Kafka is reliable, has high throughput and good replication management.

Kafka works with Flume, Spark Streaming, Storm, HBase, Flink for real-time data ingestion, analysis, and processing of streaming data. Kafka is a data stream used to feed Hadoop BigData lakes. Kafka brokers support massive message streams for a low-latency follow-up analysis in Hadoop or Spark.

Topics and Partitions

All the data that is written to Kafka is written into different topics. A Topic is a category/feed name to which records are stored and published. Producer applications write data to topics and consumer applications read from topics. There are multiple topics created in Kafka as per requirement

Each topic is divided into multiple partitions. This means messages of a single topic would be in multiple partitions. Each of the partitions could have replicas which are the same copy.

Consumers

It’s the process that reads from Kafka. It can be a simple java program, python program, Go code, or any distributed processing framework like Spark Stream, storm, fling, or similar.

There are two types of Kafka consumer

Low-level Consumer

In the low-level consumer, where topics and partitions are specified as is the offset from which to read, either fixed position, at the beginning or at the end.
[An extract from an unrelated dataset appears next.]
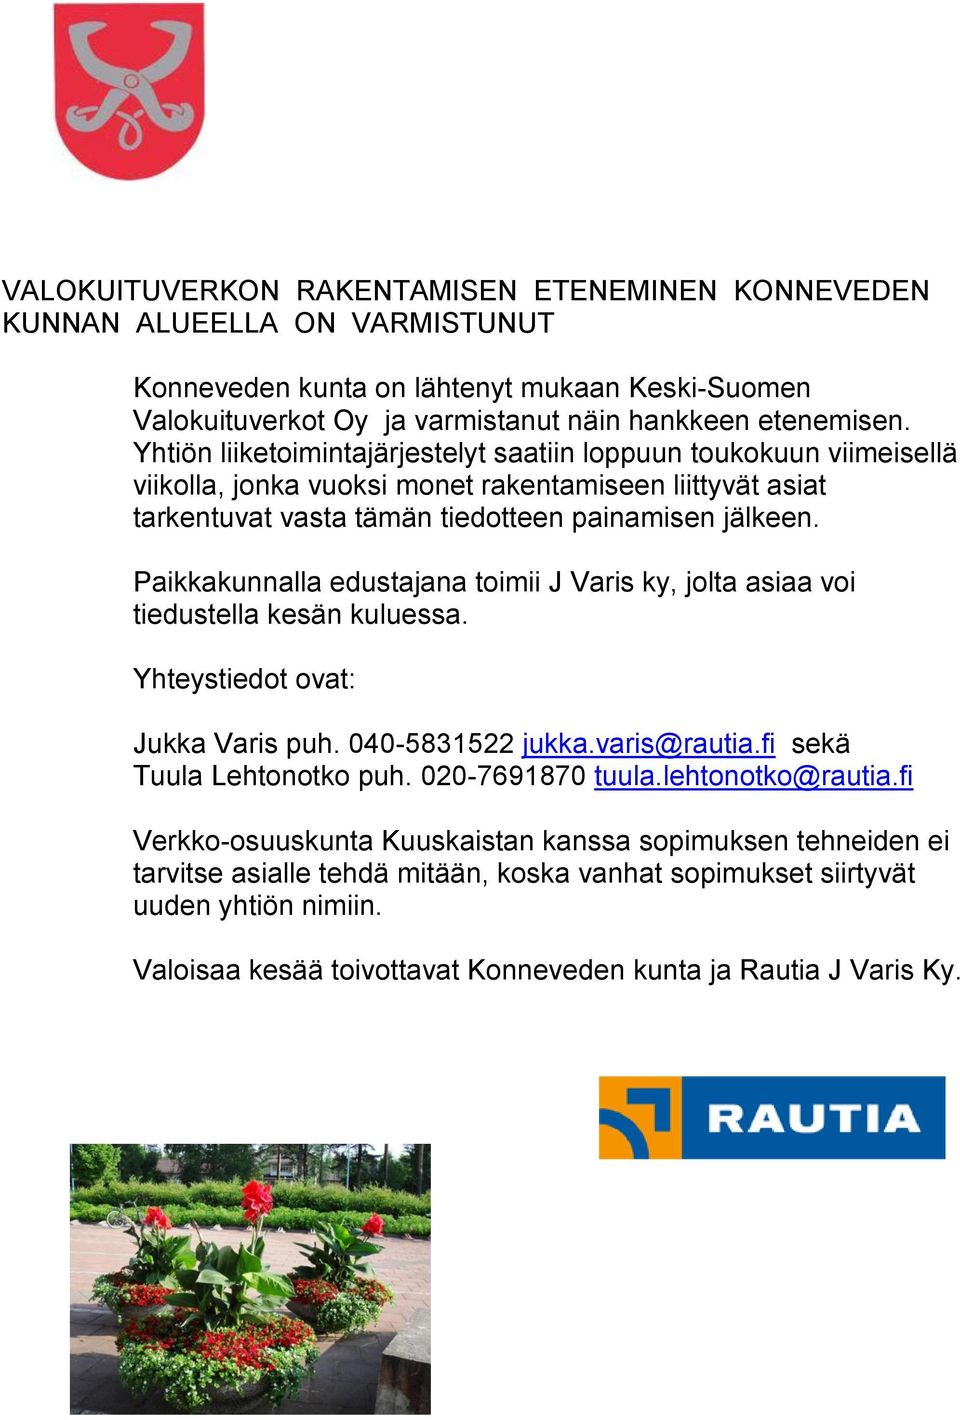 Paikkakunnalla edustajana toimii J Varis ky, jolta asiaa voi tiedustella kesän kuluessa. Yhteystiedot ovat: Jukka Varis puh. 040-5831522 jukka.varis@rautia.fi sekä Tuula Lehtonotko puh.

This can, of course, be cumbersome to keep track of which offsets are consumed so the same records aren’t read more than once.

High-Level Consumer

The high-level consumer (more known as consumer groups) consists of one or more consumers. Here a consumer group is created by adding the property “group.id” to a consumer. Giving the same group id to another consumer means it will join the same group.

Consumer Group

A consumer group is a mechanism of grouping multiple consumers where consumers within the same group share the same group id. Data is equally divided among all the consumers of a group, with no two consumers of a group receiving the same data.
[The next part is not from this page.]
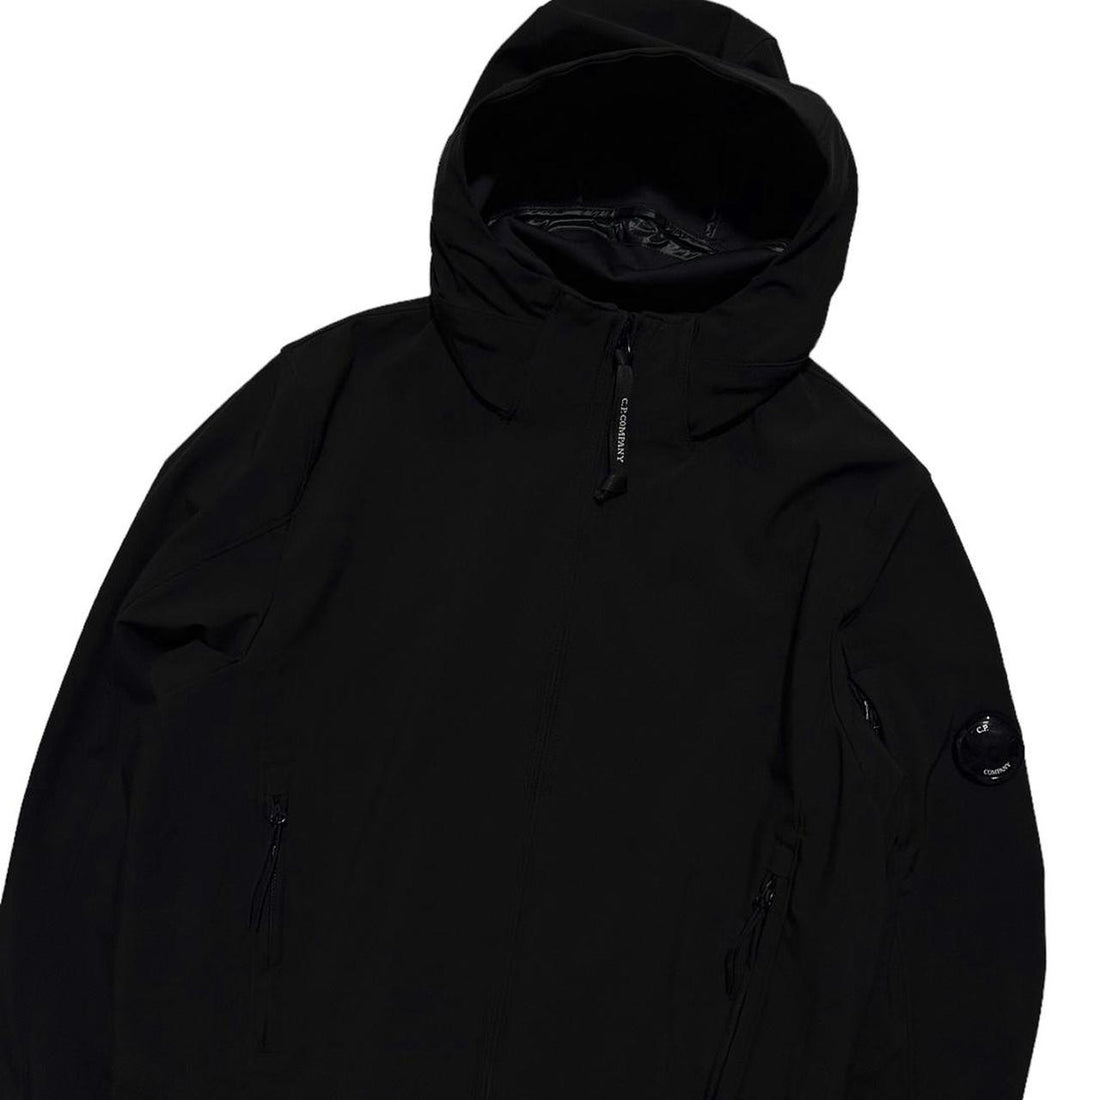 CP Company Black Soft Shell Jacket

When you write Kafka consumer you add a property like below

props.setProperty(“bootstrap.servers”, “localhost:9092”);

props.setProperty(“group.id”, “test”);

So consumers with the same group id are part of the same consumer group. They will share the data from the Kafka topic. Consumers would be able to consume only from the partitions of the topic which are assigned to it by Kafka.

Partitions and Consumer Group

What happens when we start consumer with some consumer group. First Kafka checks if already a consumer is running with the same consumer group id.

If it’s a new consumer group id, it would assign all the partitions of that topic to this new consumer. If there are more than one consumer with the same group id then Kafka will divide partitions among available consumers.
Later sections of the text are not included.